Enter the words or phrases you want to search on Reddit (e.g. webscraping, python, ChatGPT, AI). You can add multiple keywords — use + Add or Bulk edit. Each keyword is searched across Reddit and results are grouped by keyword in the output. One keyword per line in bulk mode.

## `subredditNames` (type: `array`):

Optional. Restrict search to specific subreddits only (e.g. python, programming, learnprogramming). Leave empty to search all of Reddit. Add multiple with + Add or Bulk edit. Improves relevance when you know which communities to target.

## `resultsLimitPerKeyword` (type: `integer`):

Maximum number of posts to fetch per keyword (1–1000). Higher values may take longer and can trigger rate limits; the actor uses delays and retries to stay safe. Start with 10–50 for testing. Default: 10.

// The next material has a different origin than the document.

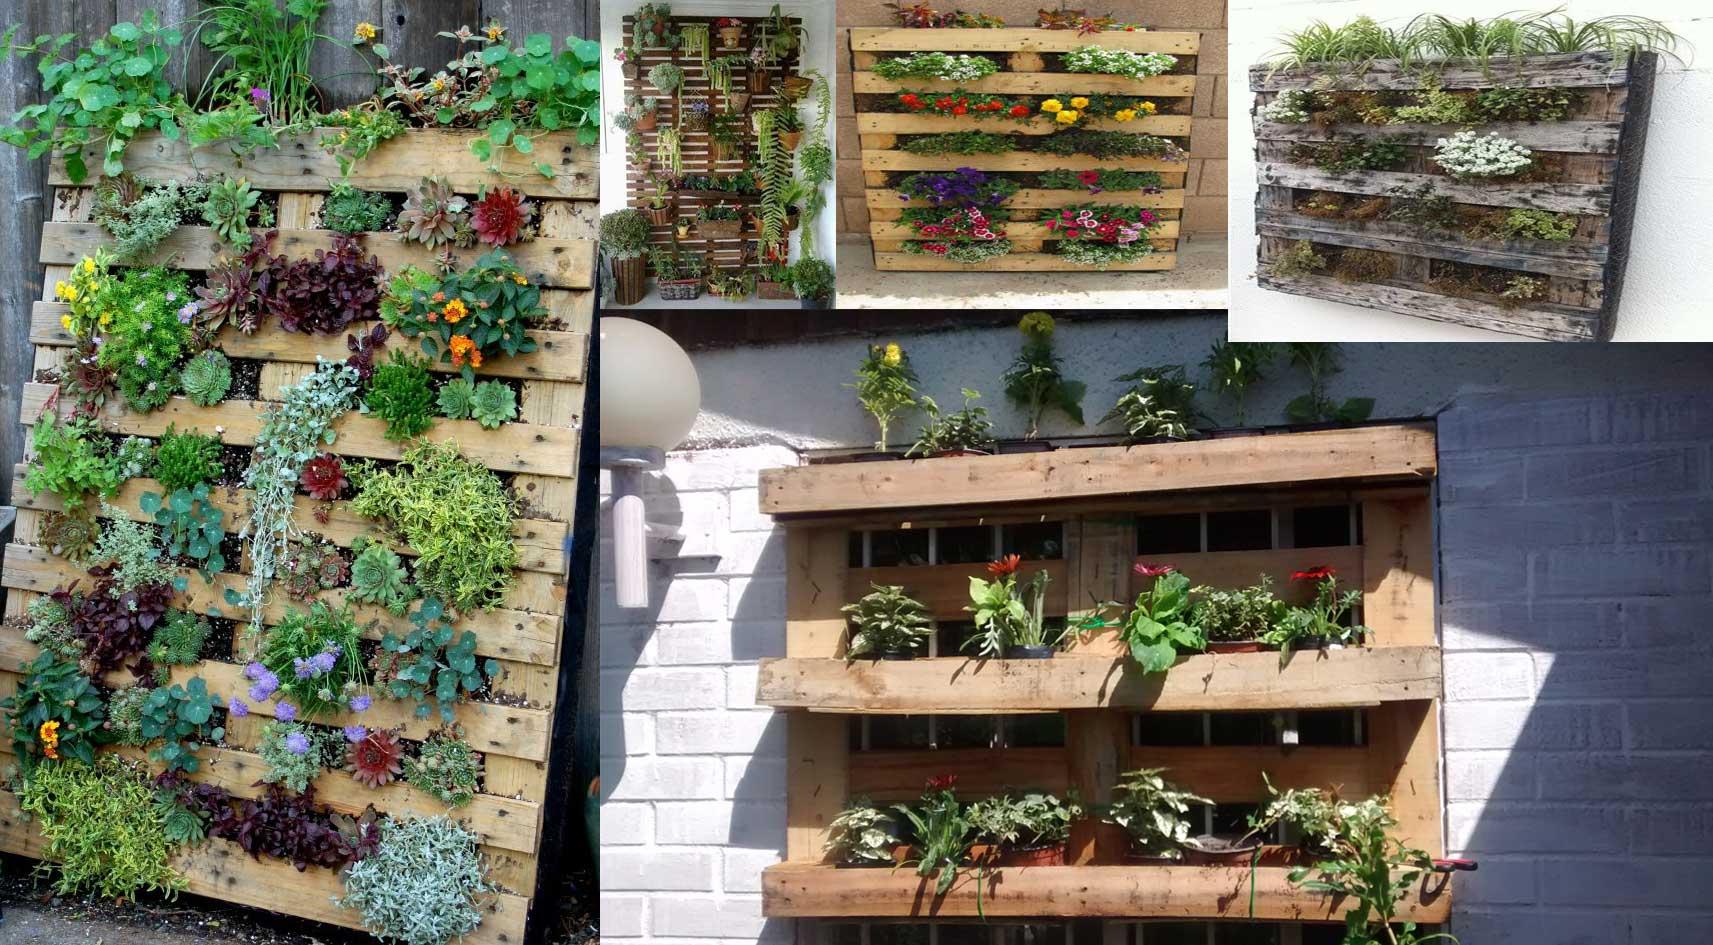 Jardineras verticales con palets Jardin vertical en palets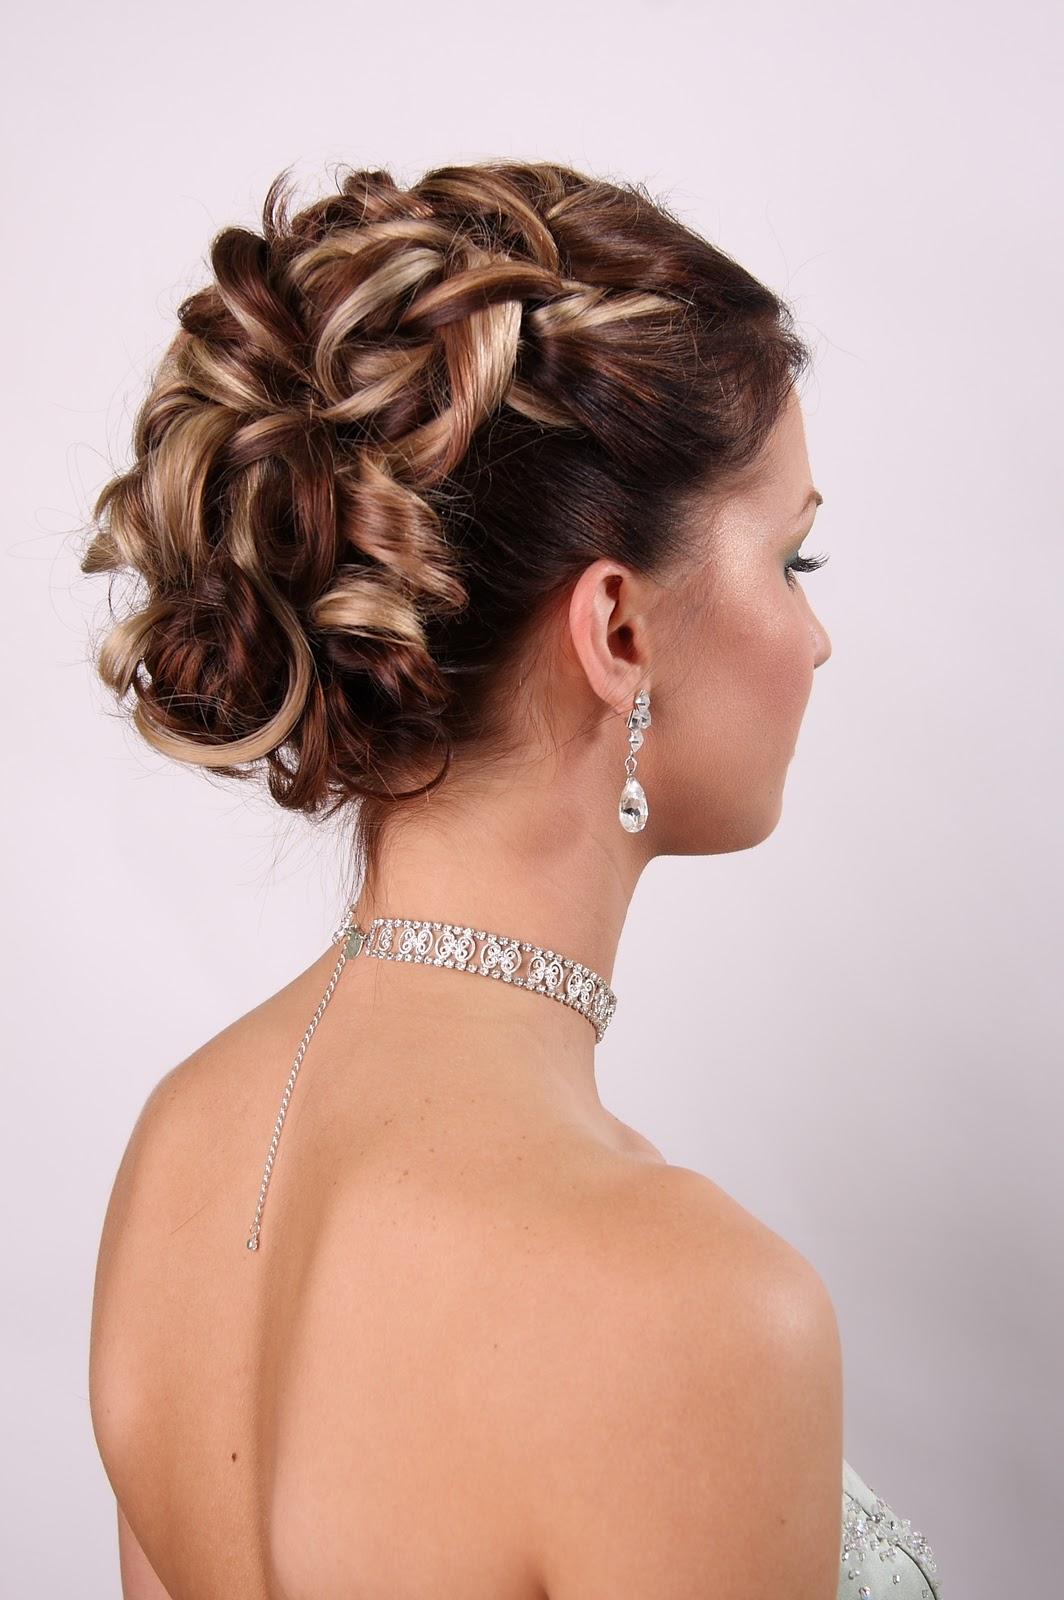 Awe Inspiring Wedding Hair Updos For Short Hair Hairstyle Inspiration Daily Dogsangcom

## `sorting` (type: `string`):

How Reddit search results are ordered: New (latest first), Hot (trending now), Top (most upvoted), or Relevance (best match to your keyword). Default: New.

## `proxyConfiguration` (type: `object`):

By default no proxy is used (direct requests to Reddit). If Reddit blocks or rate-limits the request, the actor automatically falls back to datacenter proxy, then to residential proxy (with up to 3 retries). Once it switches to residential, it stays on residential for all remaining requests. Turn on Apify Proxy here if you want to use proxy from the very first request.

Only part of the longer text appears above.